I was a woman with a perfect personality, they say. They say that I am a good daughter to my mother and father, that I’m a good sister to my siblings, that I’m a good friend. That I don’t have any reason to be sad about, but no.. my life is like a house without any person inside, so dark and always locked up.
I am always hiding myself because hiding is what I live for, hiding who am I is what they wanted me to do and I thought that everything that my parents says is only to protect me and to guide me to the right path.
Until I realized, hiding my true self is not to protect me, limiting my actions is also not to protect me, because NOW? i know that there’s a big difference between being protect and being controlled.
I want everyone to know who I really was.. so step by step, I did what I wanted to do.
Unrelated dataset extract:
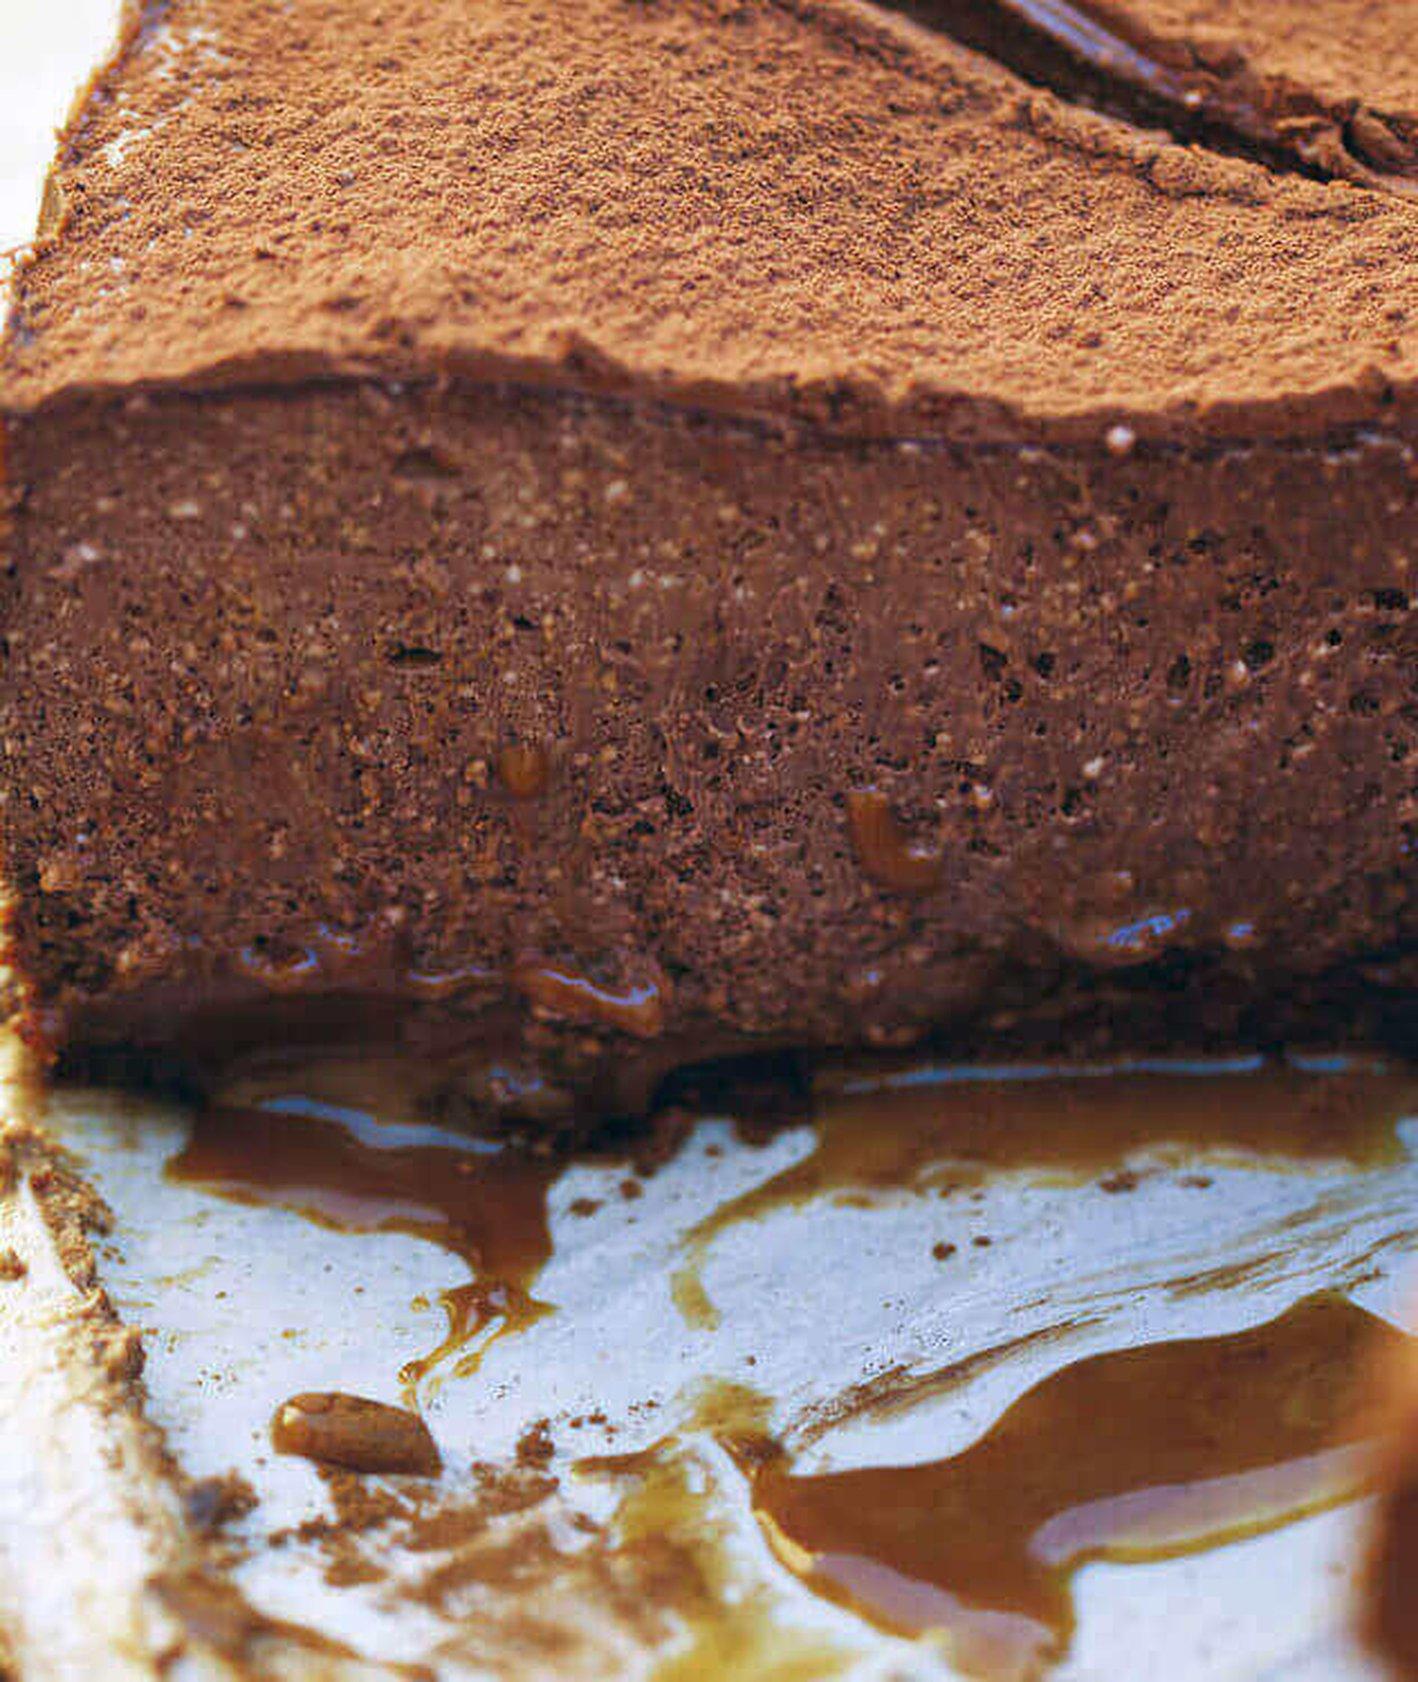 rozpustny sernik czekoladowy, sernik czekoladowy, ciasto czekoladowe, klasyczny sernik, sernik nowojorski, sernik z czekoladą, ciasto dla dzieci, prosty deser, deser czekoladowy

I travel not so far, I eat to my first restaurant, I eat a good that I never eaten before, I talk to my friends with honesty and I did my first ever sleep over, small thing right? but at least I felt that I am a human too. That I can do this. That I can reach my dream.
Parents, is the most precious for us, second to God. And what they say is only to protect us, but also.. parents shouldn’t limiting their children, because opportunities is everywhere and limiting them will make them passed by the opportunities.
It’s okay to protect, it’s okay to be guide sometimes by our parents but too much is always not good. Protect them, guide them but do not control them, and accept them for who really she or he was, because only parents could give the best encouragement that a daughter and son would appreciate the most.